- Aim of the exercise -
Beneath this line are the data; copy exactly the part of them that opens with the line containing "An Ethical Culture" and closes with the line containing "IBOX N133 v.7, size, industrial", and only that part.

- Supplied information -
__________

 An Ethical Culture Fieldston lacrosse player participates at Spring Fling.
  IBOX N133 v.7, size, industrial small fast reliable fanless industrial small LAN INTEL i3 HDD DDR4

__________

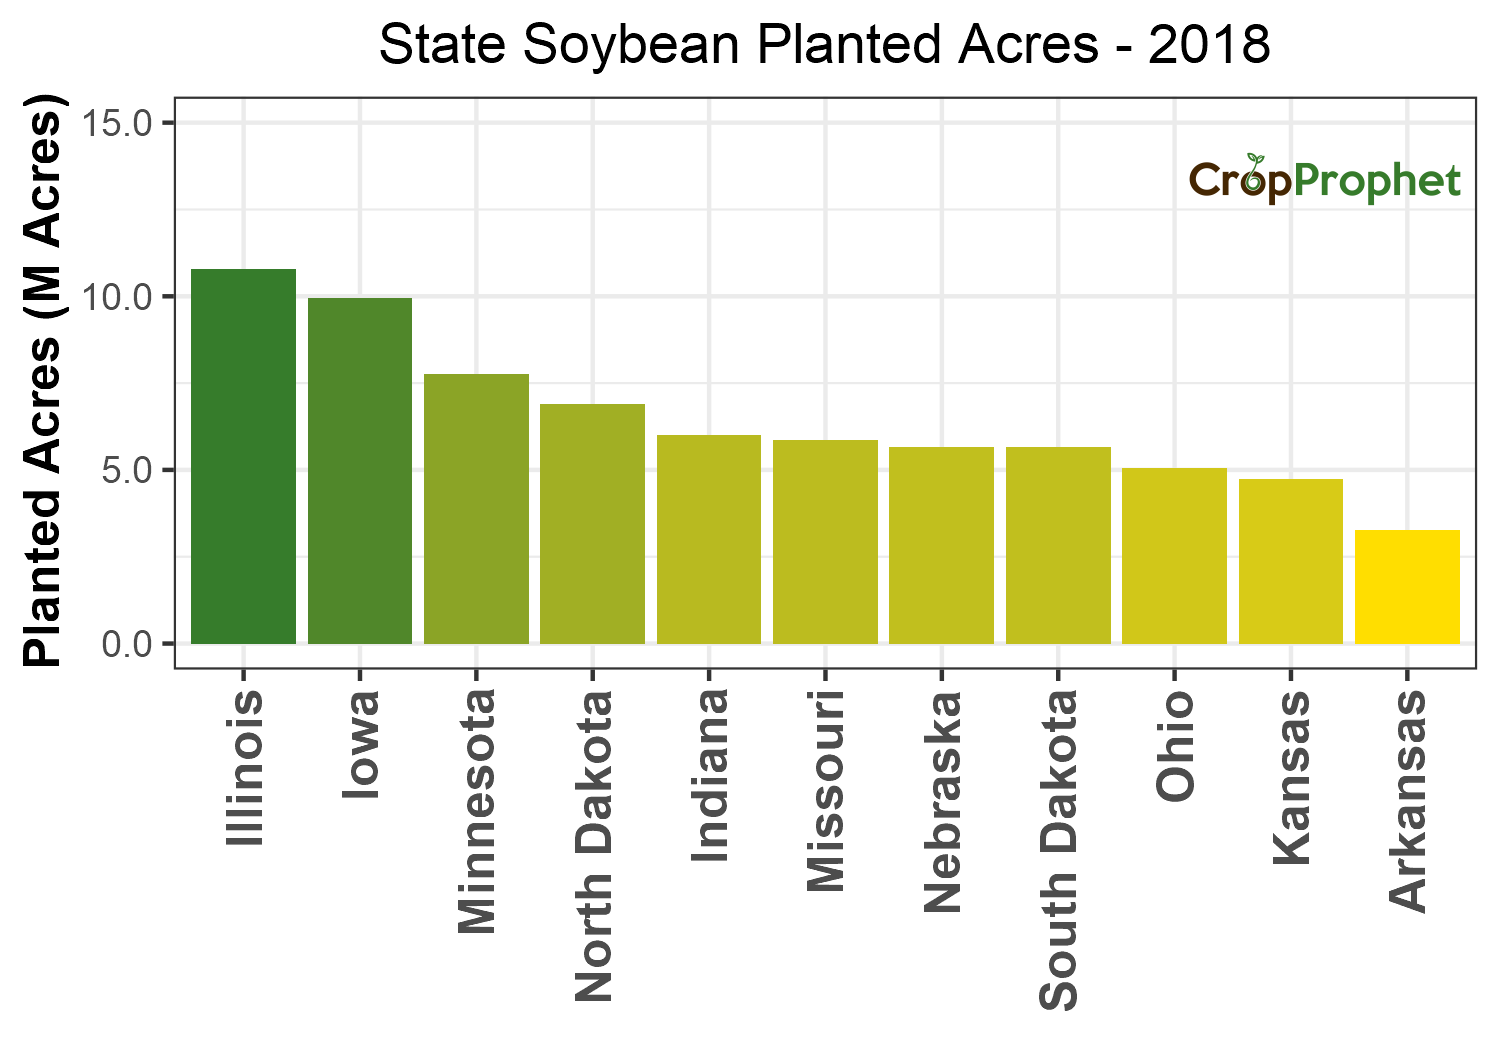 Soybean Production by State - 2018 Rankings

__________

- Task result -
 An Ethical Culture Fieldston lacrosse player participates at Spring Fling.
  IBOX N133 v.7, size, industrial small fast reliable fanless industrial small LAN INTEL i3 HDD DDR4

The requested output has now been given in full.